* [PROBLEM]: Check each line of the entries for "Stock" and report the ones that have it.

======

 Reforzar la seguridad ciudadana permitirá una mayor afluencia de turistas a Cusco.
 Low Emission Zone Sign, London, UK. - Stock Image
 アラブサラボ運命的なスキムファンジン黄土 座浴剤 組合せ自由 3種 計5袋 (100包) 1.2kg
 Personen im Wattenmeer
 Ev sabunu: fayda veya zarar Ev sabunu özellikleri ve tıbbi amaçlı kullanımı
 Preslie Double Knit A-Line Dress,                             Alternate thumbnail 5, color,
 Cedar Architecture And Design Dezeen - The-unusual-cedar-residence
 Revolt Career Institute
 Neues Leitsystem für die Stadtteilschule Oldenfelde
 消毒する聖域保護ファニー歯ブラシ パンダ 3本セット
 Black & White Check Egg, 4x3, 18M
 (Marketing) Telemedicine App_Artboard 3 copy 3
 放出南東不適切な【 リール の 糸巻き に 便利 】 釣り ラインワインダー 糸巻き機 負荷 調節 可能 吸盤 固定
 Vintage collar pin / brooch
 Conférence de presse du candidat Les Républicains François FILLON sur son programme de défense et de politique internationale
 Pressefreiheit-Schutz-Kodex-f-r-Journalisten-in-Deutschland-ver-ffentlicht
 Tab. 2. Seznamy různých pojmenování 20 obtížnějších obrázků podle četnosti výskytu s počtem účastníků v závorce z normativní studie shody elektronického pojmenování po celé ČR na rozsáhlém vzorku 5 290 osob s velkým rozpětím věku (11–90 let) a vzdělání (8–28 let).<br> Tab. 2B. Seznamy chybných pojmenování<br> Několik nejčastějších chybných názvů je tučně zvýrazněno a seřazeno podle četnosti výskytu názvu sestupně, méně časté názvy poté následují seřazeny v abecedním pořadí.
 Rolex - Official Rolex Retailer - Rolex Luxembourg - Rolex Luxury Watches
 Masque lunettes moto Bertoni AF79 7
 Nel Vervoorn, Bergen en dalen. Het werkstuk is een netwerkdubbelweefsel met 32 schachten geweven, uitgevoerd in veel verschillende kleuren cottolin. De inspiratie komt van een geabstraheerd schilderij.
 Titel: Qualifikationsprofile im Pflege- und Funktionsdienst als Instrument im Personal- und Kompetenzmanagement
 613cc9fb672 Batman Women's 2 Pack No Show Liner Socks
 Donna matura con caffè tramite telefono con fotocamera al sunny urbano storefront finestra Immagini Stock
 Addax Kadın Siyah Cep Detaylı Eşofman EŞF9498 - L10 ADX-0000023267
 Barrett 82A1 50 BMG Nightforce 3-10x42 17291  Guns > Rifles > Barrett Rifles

======

* [ANSWER SECTION]:
 Low Emission Zone Sign, London, UK. - Stock Image
 Donna matura con caffè tramite telefono con fotocamera al sunny urbano storefront finestra Immagini Stock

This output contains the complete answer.